*Aim of the exercise*:
Leave every picture out and return the rest of the listing verbatim.

*Recorded data*:
[Start of section]
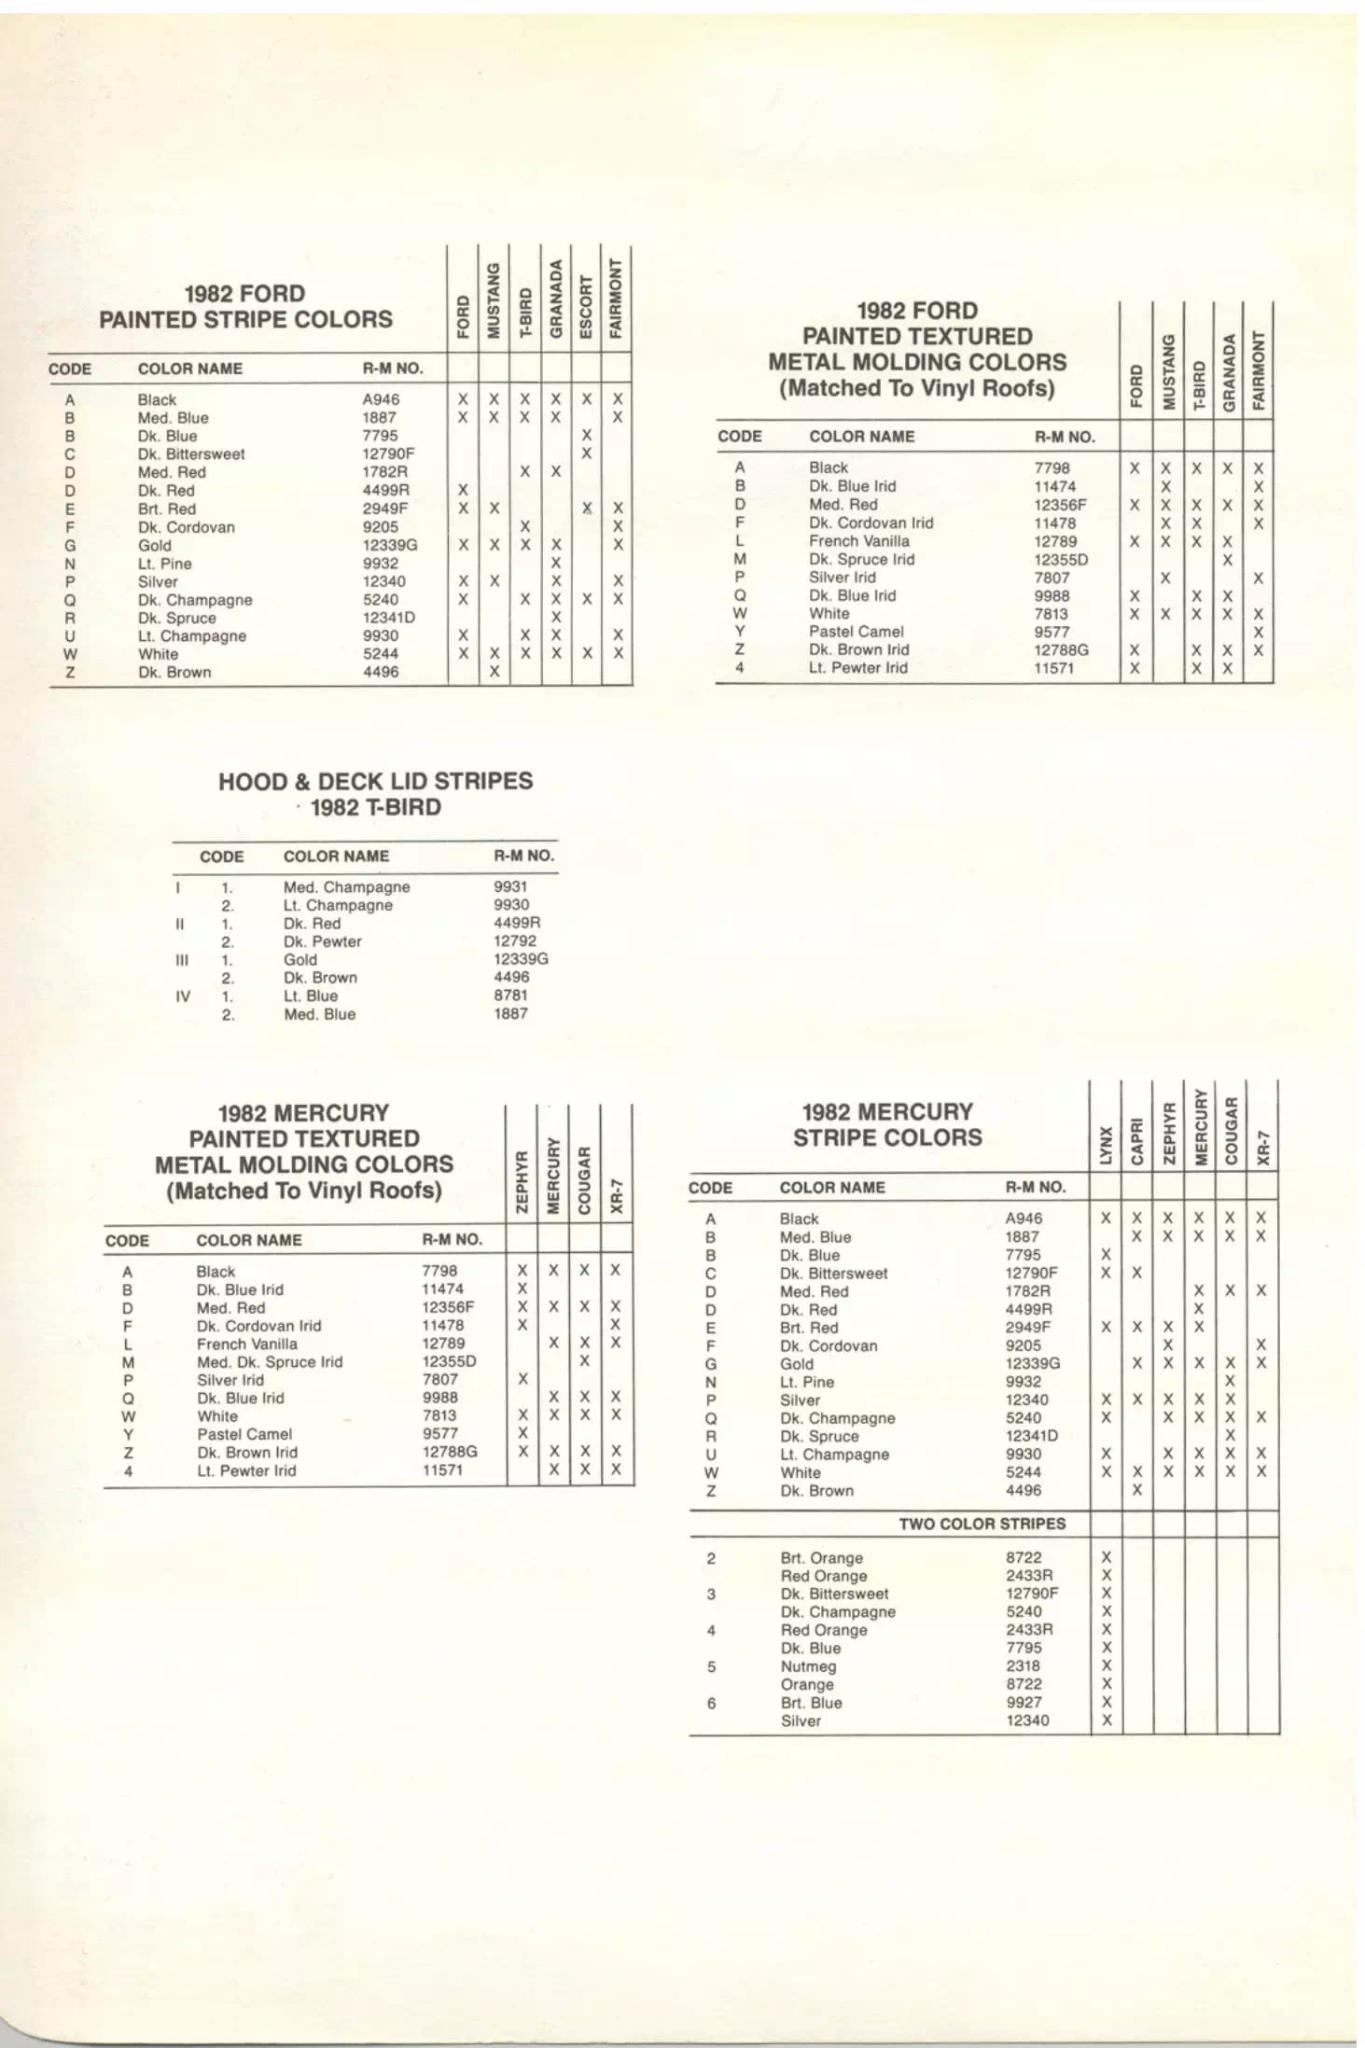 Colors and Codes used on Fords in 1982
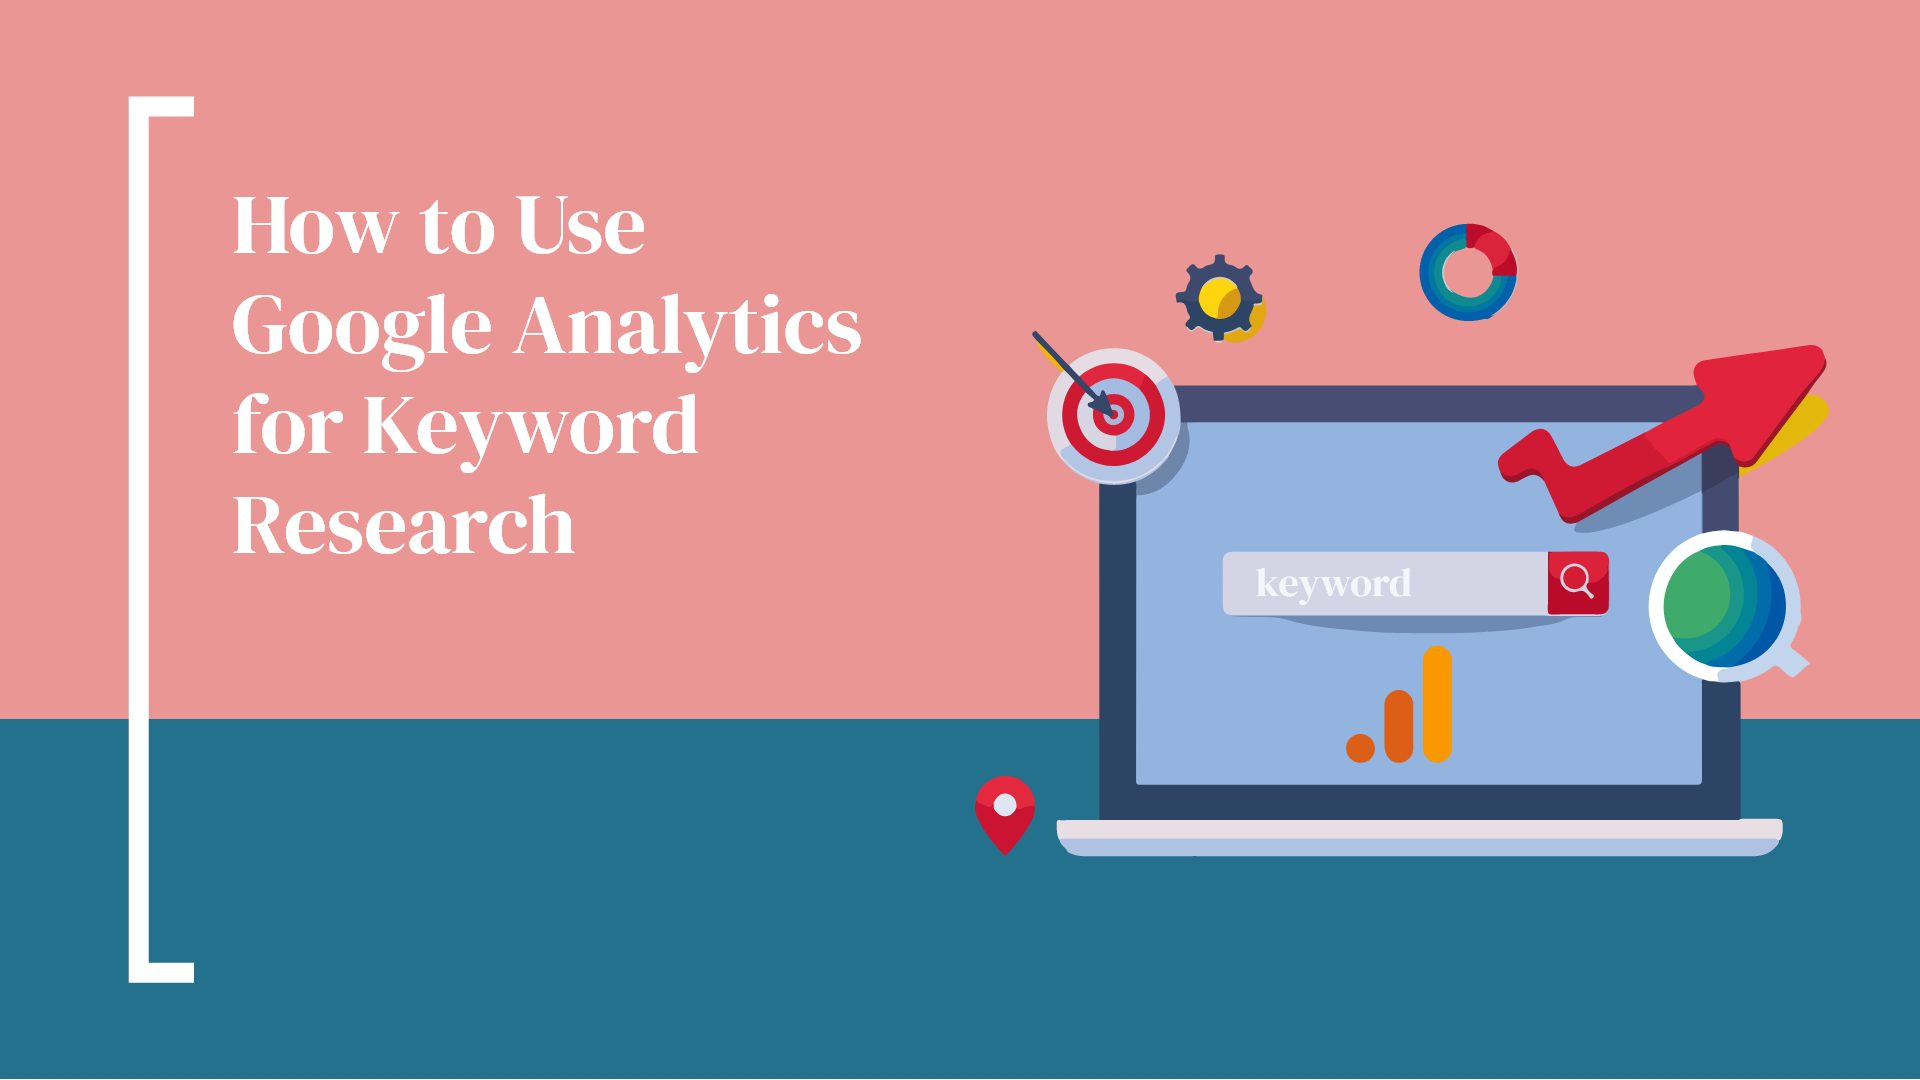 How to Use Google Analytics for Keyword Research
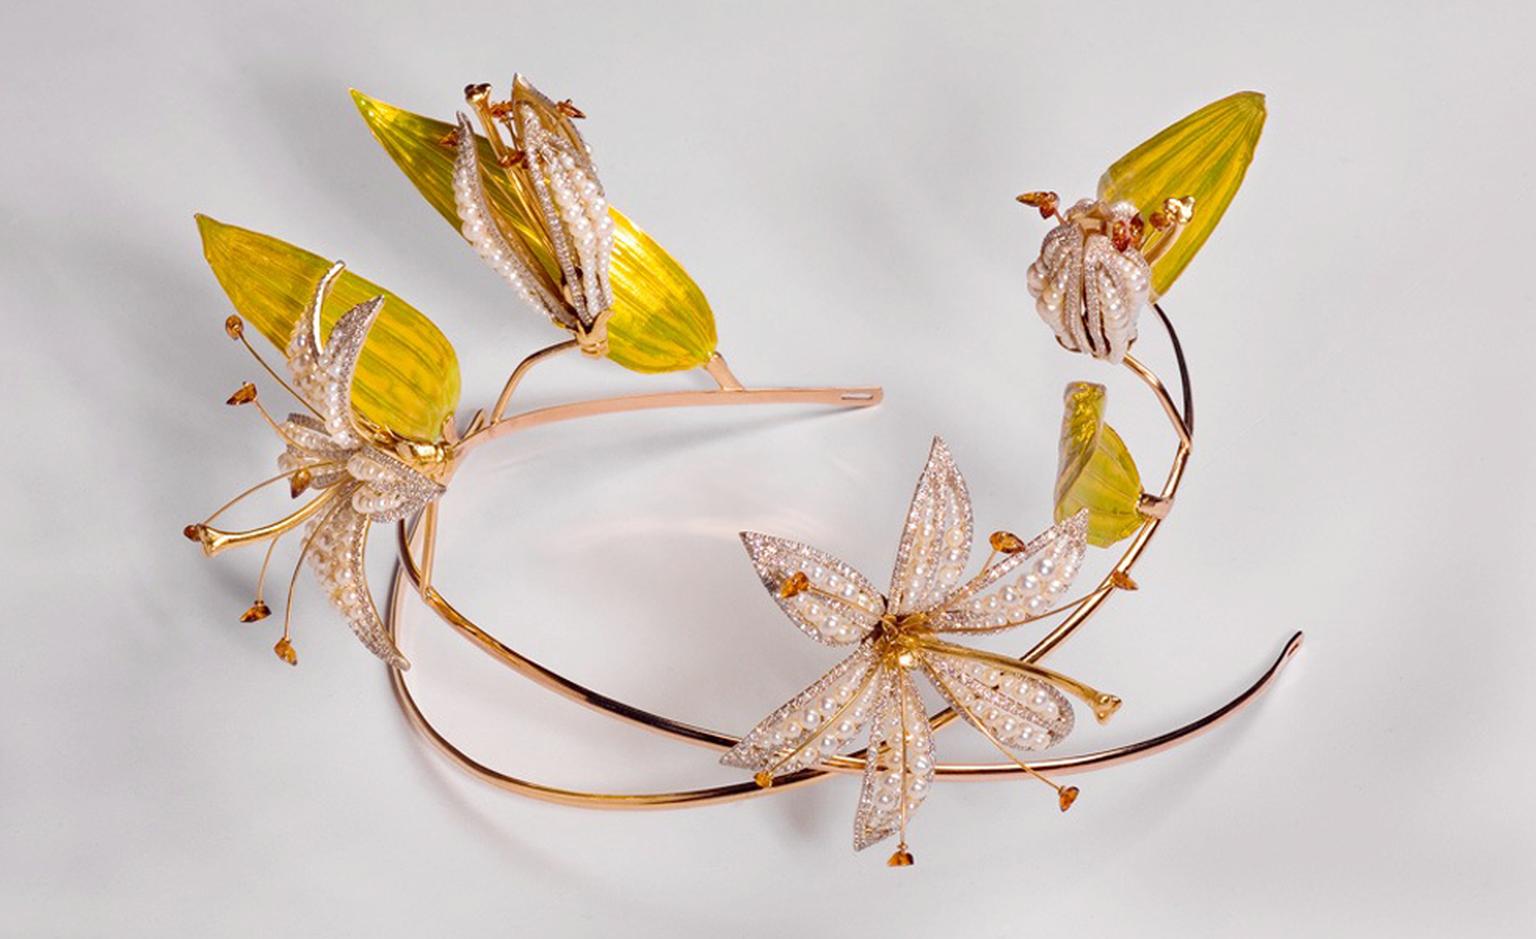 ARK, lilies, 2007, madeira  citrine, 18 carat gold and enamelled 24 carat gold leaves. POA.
[End of section]
*Answer for the task*:
 Colors and Codes used on Fords in 1982
 How to Use Google Analytics for Keyword Research
 ARK, lilies, 2007, madeira  citrine, 18 carat gold and enamelled 24 carat gold leaves. POA.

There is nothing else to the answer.